Martin Goosey, Industrial Director of the leMRC, then gave an introduction to organization and its current status. IeMRC was currently preparing for the start of its second five year period of funding and it was in the middle of reviewing and selecting projects that would be funded from March 2010. IeMRC's Vision Statement was presented and its engagement with the UK's electronics industry highlighted. Examples of materials related research that had been supported during the first five years of activity were highlighted: A project based at Birmingham University on high-resolution, high-sensitivity chemically-amplified e-beam resists and the work carried out at Brunel University on printed electronic interconnects, devices and battery structures. Martin concluded by inviting attendees to engage with the IeMRC and highlighted the ways in which this could be possible.

The first technical presentation, "Single Molecule Electronics," was given by Geoff Ashwell of CAFMaD, Bangor. In this presentation Ashwell detailed work on the synthesis of molecular wires and the control of their electrical properties via modification of molecular structure. The structure of the molecular wires was detailed and their synthesis could require an eleven-stage process. The synthesis had been monitored using quartz microbalance and X-ray photoelectron spectroscopy techniques.

Electrical properties of the molecules could be controlled by modifying their actual structures during their synthesis. Individual molecules could, for example, be changed from rectifying to non-rectifying by changing the end group terminations. Examples of the synthesis of a rectifying molecule were then described.

Having synthesised the appropriate molecules, they could then be inserted into various device structures and one such example was described which was essentially a molecular necklace around a silicon nitride insulator layer. Work had been carried out in collaboration with QinetiQ, which had also developed various device structures where the molecules were deposited between silicon electrodes that were separated by a 7 nm silicon dioxide insulating layer.
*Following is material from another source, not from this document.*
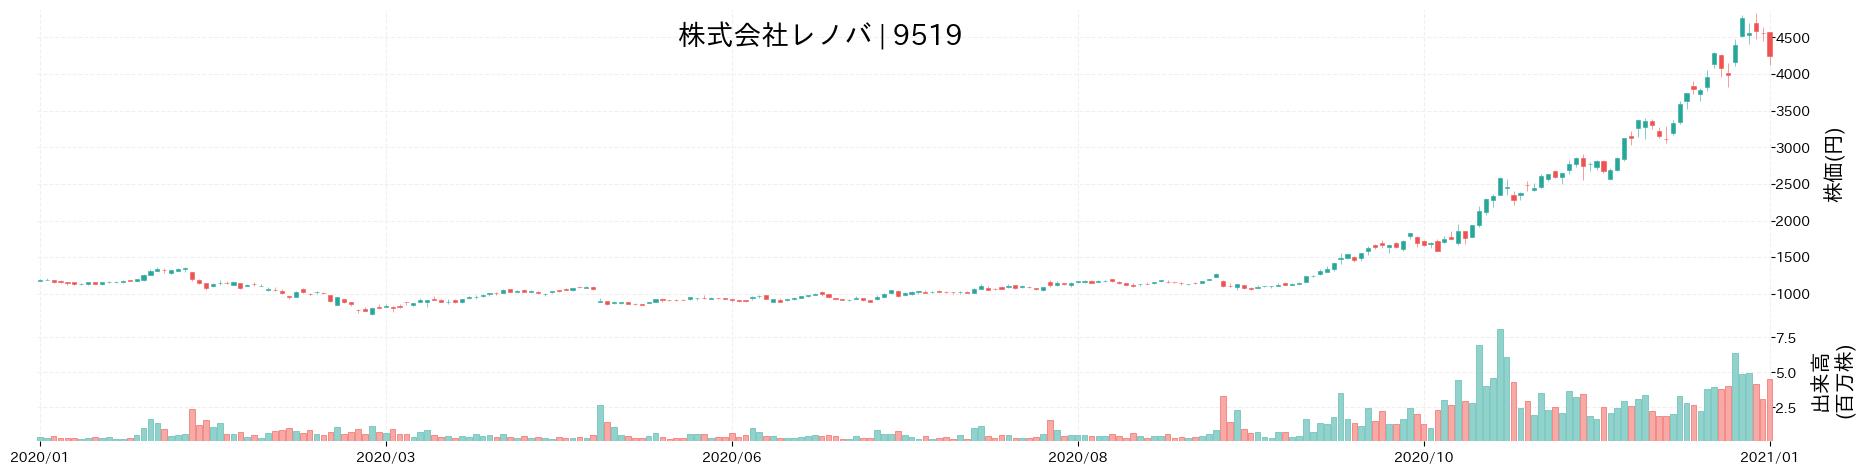 株式会社レノバの株価推移(2020)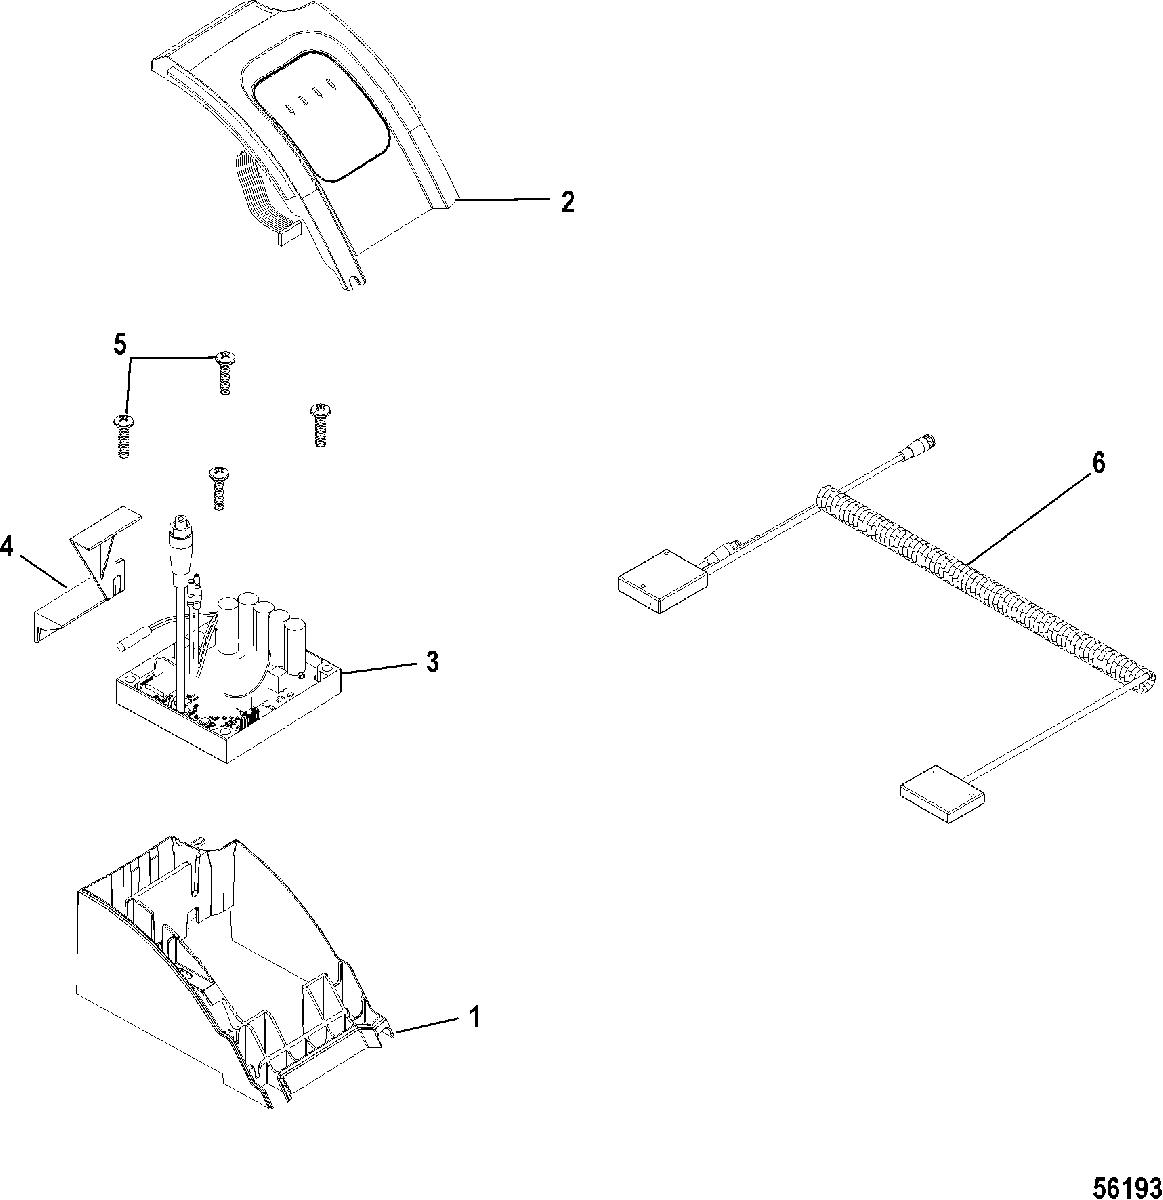 oppo f1 diagram

The molecule used in this later work had been synthesised by Durham University. Theoretical calculations of currents aligned well with the measured results. This in-situ synthesis method for molecular wires had given the highest recorded rectification ratio from a molecular wire and the research had enabled the first examples of molecules inserted into nano-gap silicon devices. Future work would be undertaken to develop the first single molecule devices.